Хотя пути любого юноши неисповедимы и непредсказуемы, идя по улицам Флоренции, Микеланджело, наверняка, прошел бы мимо самых знаменитых достопримечательностей города. От Сан-Марко рукой подать до воспитательного дома (Оспедале дельи Инноченти) Брунеллески и фамильной церкви Медичи Сан-Лоренцо. Микеланджело, наверняка, прошел бы мимо своего дома, палаццо Медичи-Риккарди, Баптистерия и Собора Санта-Мария дель Фьоре. А дальше ему попалась бы огромная церковь гильдий Орсан-микеле, и он оказался бы на площади Синьории. Его путь пролегал бы по улицам старого города, через мост Понте-Веккьо в квартал Олтрарно. И вот уже церковь Санта-Мария дель Кармине.

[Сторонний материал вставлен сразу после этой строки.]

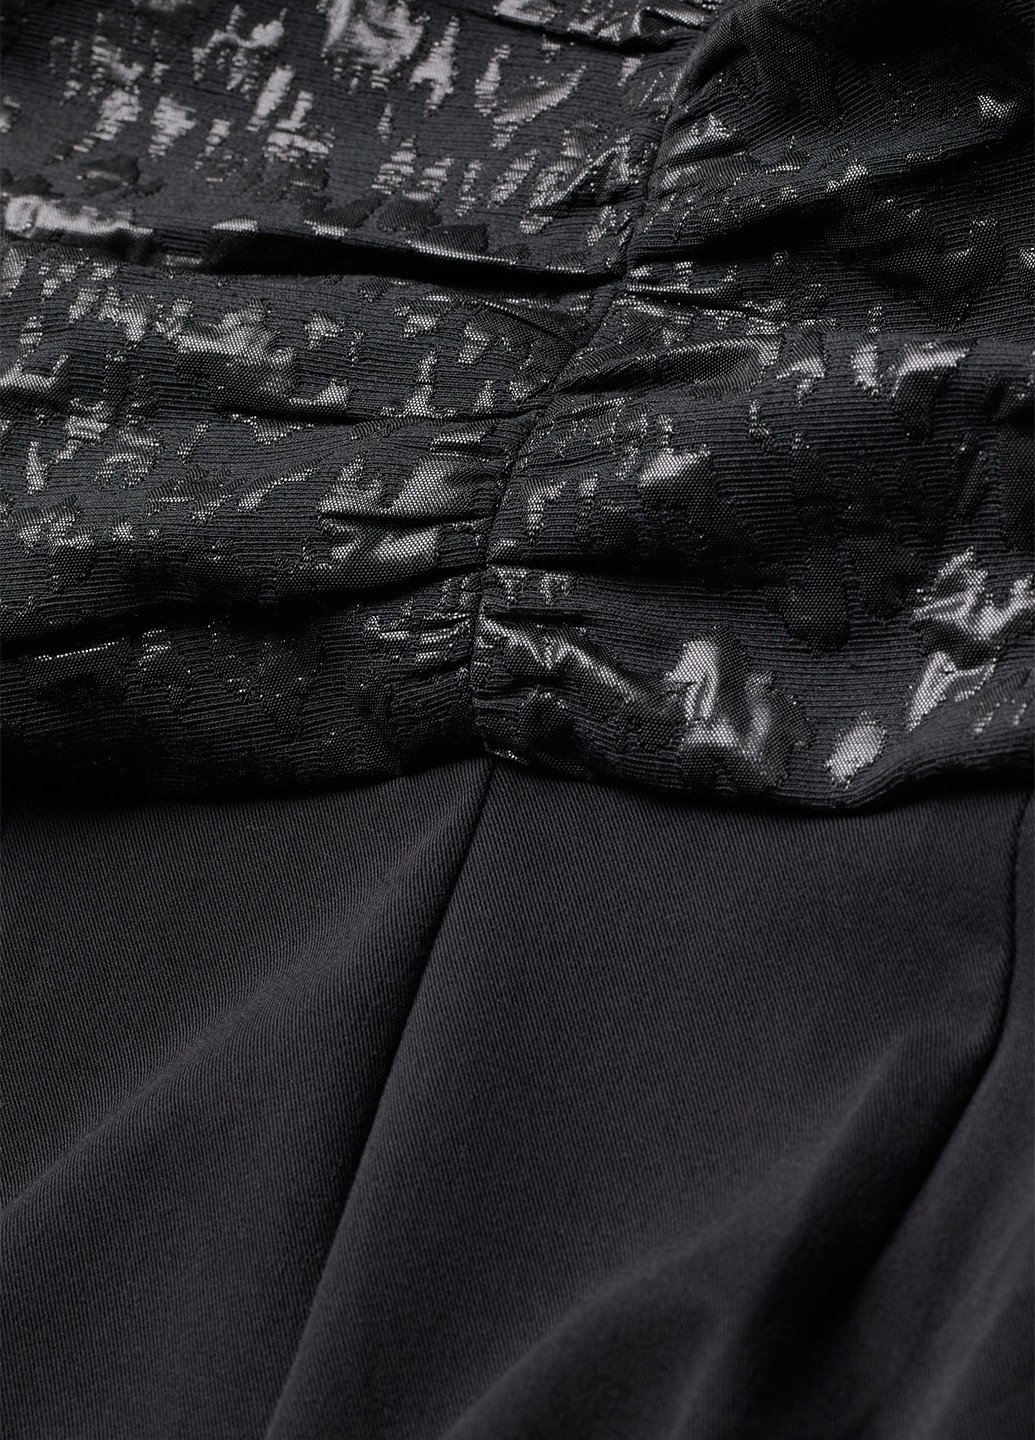 Комбинезон H&M комбинезон-брюки однотонный чёрный праздничный вискоза, жаккард

Во многих отношениях путь Микеланджело можно сравнить с путем истории самого Ренессанса. Здания, мимо которых он проходил, во многих отношениях символизируют художественные и архитектурные достижения того времени. Но если сегодня их считают великими памятниками, которые следует сохранять и которыми восхищаться в их первозданном виде; для Микеланджело они были самыми обычными религиозными, административными и общественными зданиями живого, дышащего города, где и развивались культура и искусство Ренессанса. Микеланджело бродил по улицам, на которых возникали культурные новации эпохи. Он проходил мимо живых доказательств различных влияний, которые и определяли эти перемены.
После падения Империи в начале XI в. на территории Италии появилось множество независимых государств.3 Города-республики и деспотии Северной Италии развивали новые культурные формы, призванные воспевать и сохранять автономное самоуправление. Образованные чиновники, которые несли на своих плечах постоянно увеличивающийся груз законодательства, налогообложения и дипломатии, изучали утонченную классическую латынь. Общественные деятели, такие как флорентийцы Колюччо Салютати и Леонардо Бруни,4 использовали античные литературные памятники для риторики «республиканства», а те, кто жил в деспотических государствах, обращались к литературе Римской империи в поисках образцов блестящих князей. Стараясь защитить свою независимость от других государств, города сознательно использовали ощущение городской свободы. Величественные общественные здания, такие как Палаццо Веккьо во Флоренции, строились, чтобы подчеркнуть величие республики и доказать стабильность и долговечность общественного правительства.5 Для публичных пространств заказывались произведения искусства, которые прославляли либо независимость городов-государств, либо блестящую мудрость signori (правителей). Города – богатели, получали прибыль от торговли и ремесел. Грандиозные здания строили для себя корпоративные организации – гильдии и светские братства. Примерами этого могут служить церковь Оньиссанти и Воспитательный дом. Новая городская торговая элита стремилась подчеркнуть свое богатство и замолить грехи, совершенные в процессе его получения. Поэтому торговцы покровительствовали искусствам – художники должны были создать публичный образ. В городе десятками появлялись богато украшенные фамильные капеллы и роскошные дворцы.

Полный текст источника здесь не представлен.